Millar Neal L, Akbar Moeed, Campbell Abigail L, Reilly James H, Kerr Shauna C, McLean Michael, Frleta-Gilchrist Marina, Fazzi Umberto G, Leach William J, Rooney Brian P, Crowe Lindsay A N, Murrell George A C, McInnes Iain B
Institute of Infection, Immunity and Inflammation, College of Medicine, Veterinary and Life Sciences University of Glasgow, Glasgow, Scotland UK.
Department of Orthopaedic Surgery, NYU School of Medicine, New York, USA.
Sci Rep. 2016 Jun 6;6:27149. doi: 10.1038/srep27149.
Increasingly, inflammatory mediators are considered crucial to the onset and perpetuation of tendinopathy. We sought evidence of interleukin 17A (IL-17A) expression in early human tendinopathy and thereafter, explored mechanisms whereby IL-17A mediated inflammation and tissue remodeling in human tenocytes. Torn supraspinatus tendon (established pathology) and matched intact subscapularis tendon (representing 'early pathology') along with control biopsies were collected from patients undergoing shoulder surgery. Markers of inflammation and IL-17A were quantified by RT-PCR and immunohistochemistry. Human tendon cells were derived from hamstring tendon obtained during ACL reconstruction. In vitro effects of IL-17A upon tenocytes were measured using RT-PCR, multiplex cytokine assays, apoptotic proteomic profiling, immunohistochemistry and annexin V FACS staining. Increased expression of IL-17A was detected in 'early tendinopathy' compared to both matched samples and non-matched control samples (p < 0.01) by RT-PCR and immunostaining. Double immunofluoresence staining revealed IL-17A expression in leukocyte subsets including mast cells, macrophages and T cells. IL-17A treated tenocytes exhibited increased production of proinflammatory cytokines (p < 0.001), altered matrix regulation (p < 0.01) with increased Collagen type III and increased expression of several apoptosis related factors. We propose IL-17A as an inflammatory mediator within the early tendinopathy processes thus providing novel therapeutic approaches in the management of tendon disorders.
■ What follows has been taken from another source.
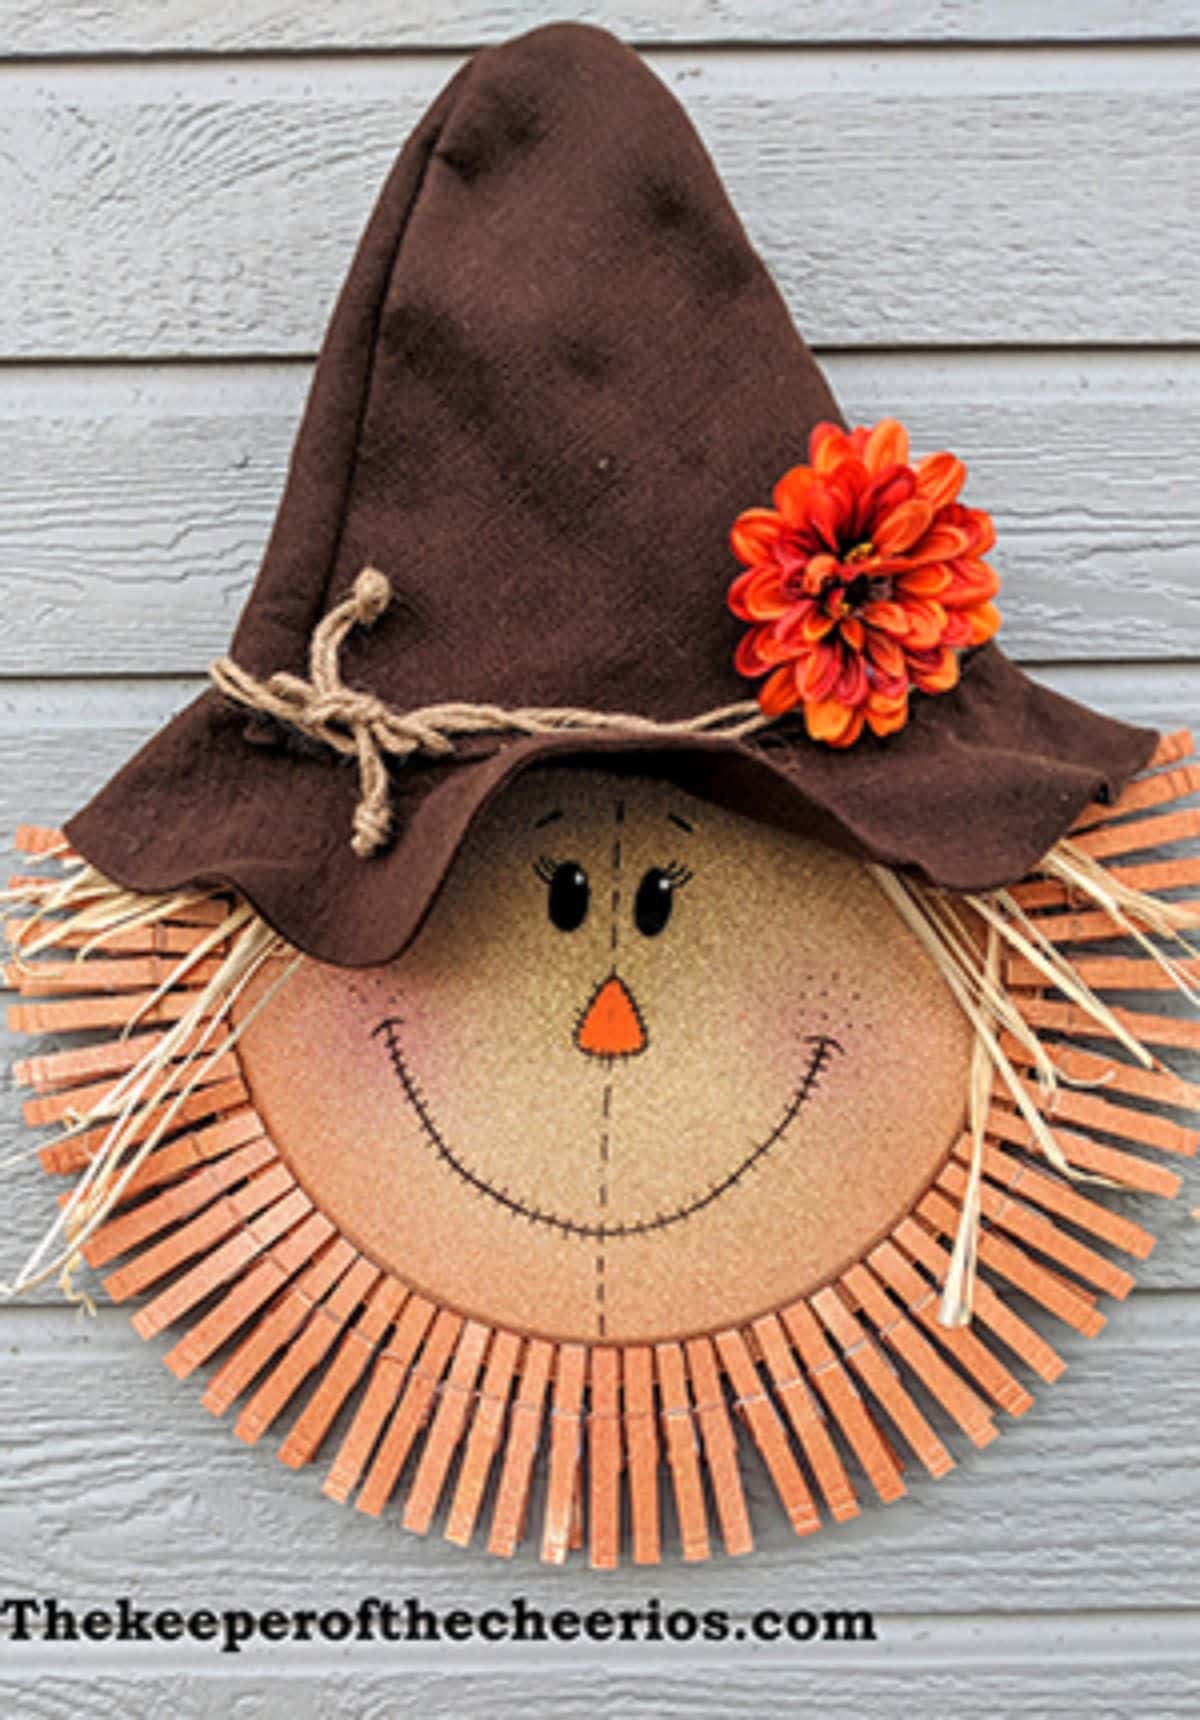 Scarecrow Pizza Pan Clothespin Wreath

越来越多的研究认为,炎症介质对于肌腱病的发生和持续发展至关重要。我们探寻了白细胞介素17A(IL-17A)在早期人类肌腱病中的表达证据,随后探究了IL-17A介导人类肌腱细胞炎症和组织重塑的机制。从接受肩部手术的患者身上采集撕裂的冈上肌腱(已确诊的病理状态)和匹配的完整肩胛下肌腱(代表“早期病理状态”)以及对照活检样本。通过逆转录聚合酶链反应(RT-PCR)和免疫组织化学对炎症标志物和IL-17A进行定量分析。人类肌腱细胞取自前交叉韧带重建术中获取的绳肌腱。使用RT-PCR、多重细胞因子检测、凋亡蛋白质组分析、免疫组织化学和膜联蛋白V荧光激活细胞分选术(FACS)染色测定IL-17A对肌腱细胞的体外作用。通过RT-PCR和免疫染色检测发现,与匹配样本和非匹配对照样本相比,“早期肌腱病”中IL-17A的表达增加(p < 0.01)。双重免疫荧光染色显示IL-17A在包括肥大细胞、巨噬细胞和T细胞在内的白细胞亚群中表达。经IL-17A处理的肌腱细胞促炎细胞因子的产生增加(p < 0.001),基质调节改变(p < 0.01),III型胶原蛋白增加,并且几种凋亡相关因子的表达增加。我们提出IL-17A是早期肌腱病过程中的一种炎症介质,从而为肌腱疾病的治疗提供了新的方法。